Картины были повсюду, и не увидеть их было нельзя. Под низким потолком висела одна – очень темная, написанная на доске. «Завтрак», «Обед» ли назвать её, в общем, не важно: ничего из еды, кроме зажаренного вверх ножками поросенка, не изображалось на этой картине, да и поросеночек не покоился на столе в своей глубокой посудине, а витал с ней заодно, как мечта. Вокруг стола сидели люди и в каком-то цепном единодушии сообщались между собой, но поросенка это мало касалось.
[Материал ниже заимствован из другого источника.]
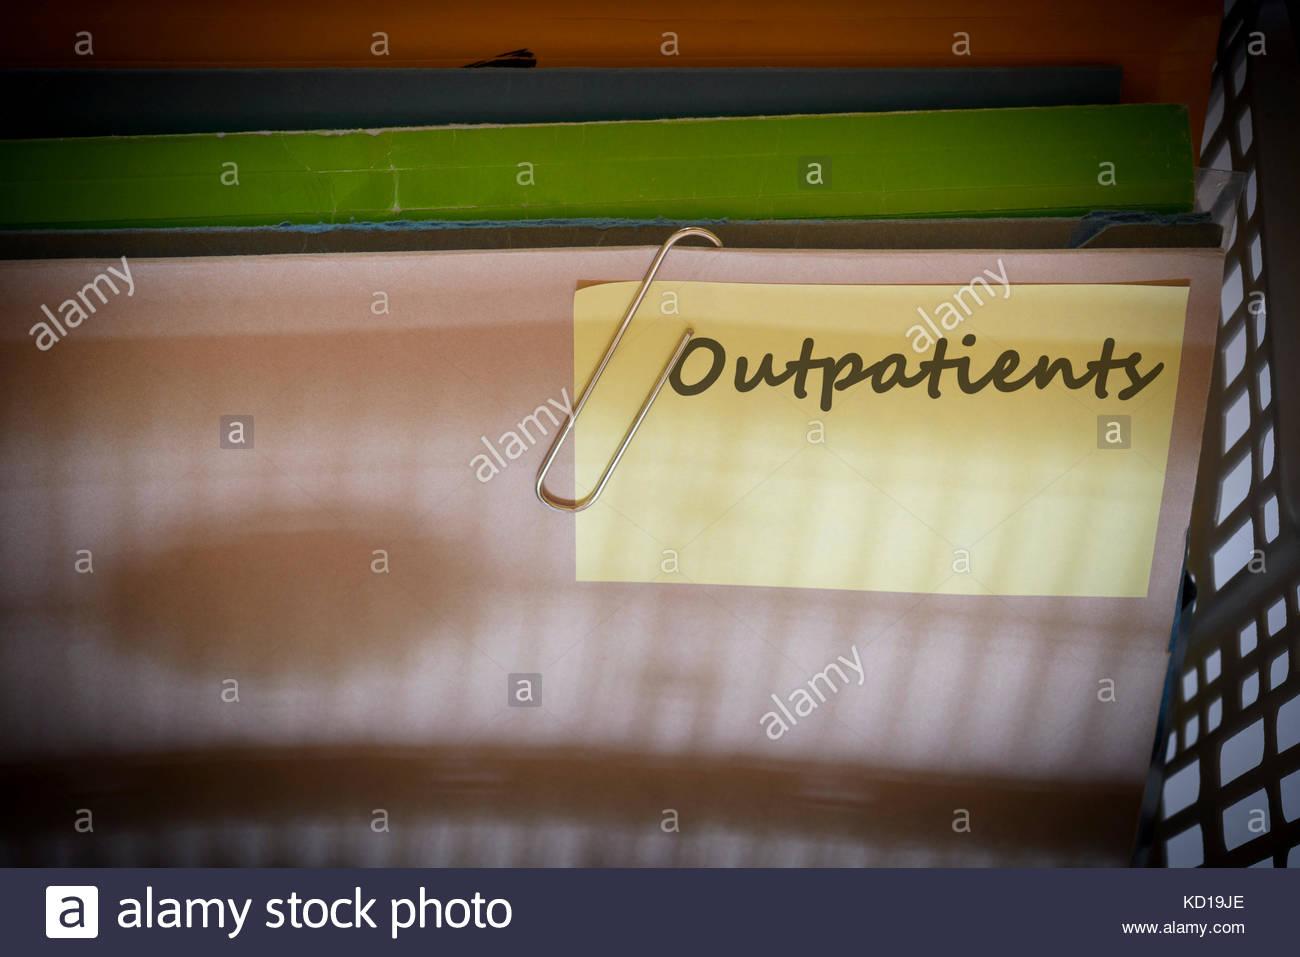 Outpatients written on document folder, Dorset, England. - Stock Image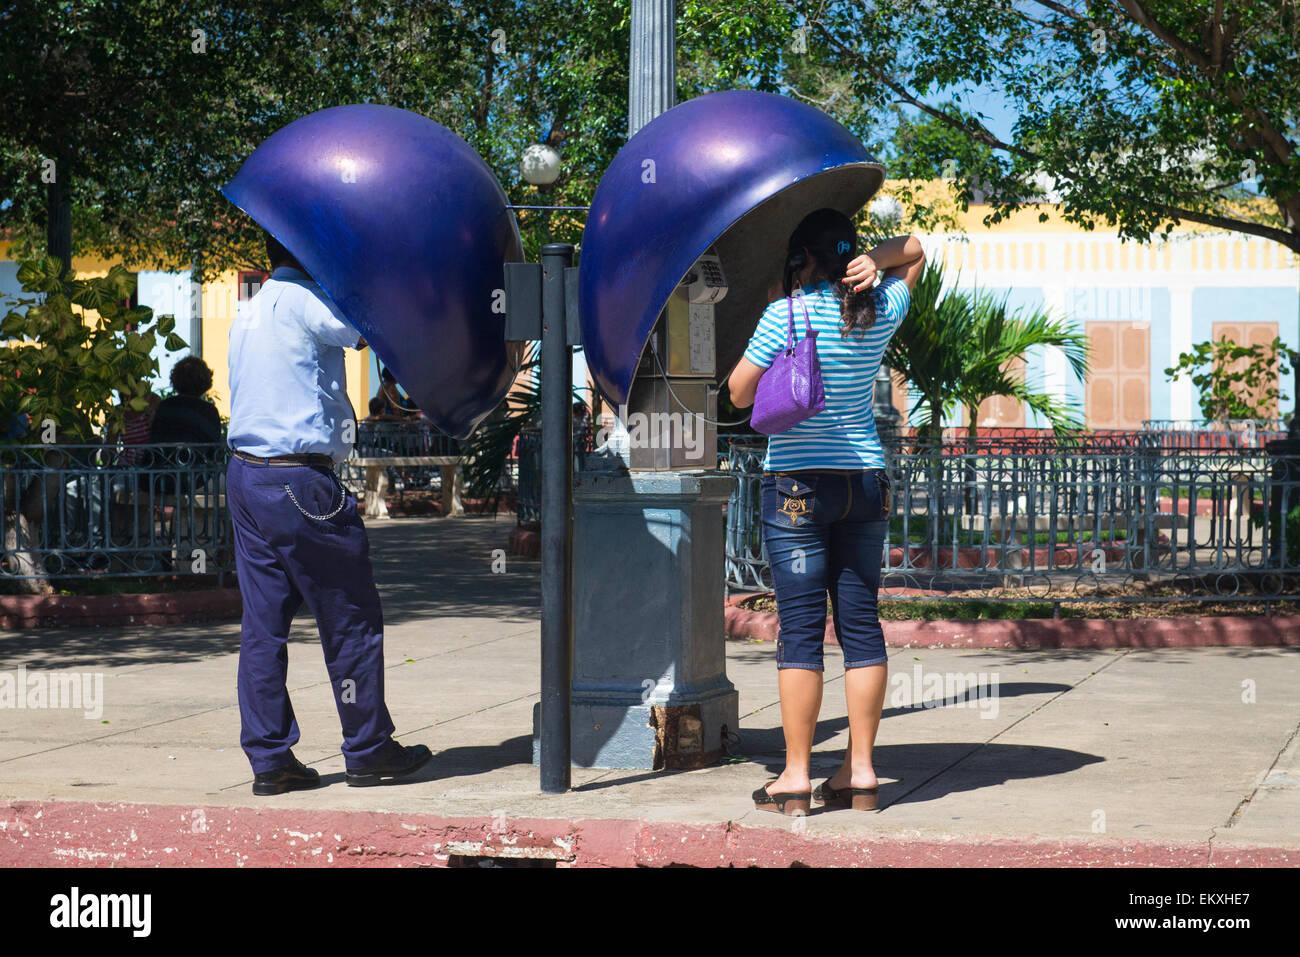 Cuba Trinidad Plaza Carrillo street road scene public phone telephone kiosk kiosks booth booths callers - Stock Image

Он был сам по себе – в одиночестве, а они сами по себе – в коллективе. «Они жрут друг друга», - пояснил Художник, и все вопросы относительно «мечты» отпадали.
«Где теперь эта Мастерская?» - «Её сдали в аренду, а Художнику его же собратья по цеху объявили: «Считайте, что вас тут не было». Обычно подобное говорят, намекая на призрачность человеческих отношений, но Художник понял глубже. «Где картины?» - «В Хьюстоне, в частном музее» - «Где сам Художник, открыватель новых смыслов?» - «Здесь, в столице. Шлифует стекла, как Спиноза, и размышляет о жизни».
«Шлифует стекла» не следует понимать так прямо, все в какой-то степени шлифуют, только одним удается стать Спинозой, а другим – нет.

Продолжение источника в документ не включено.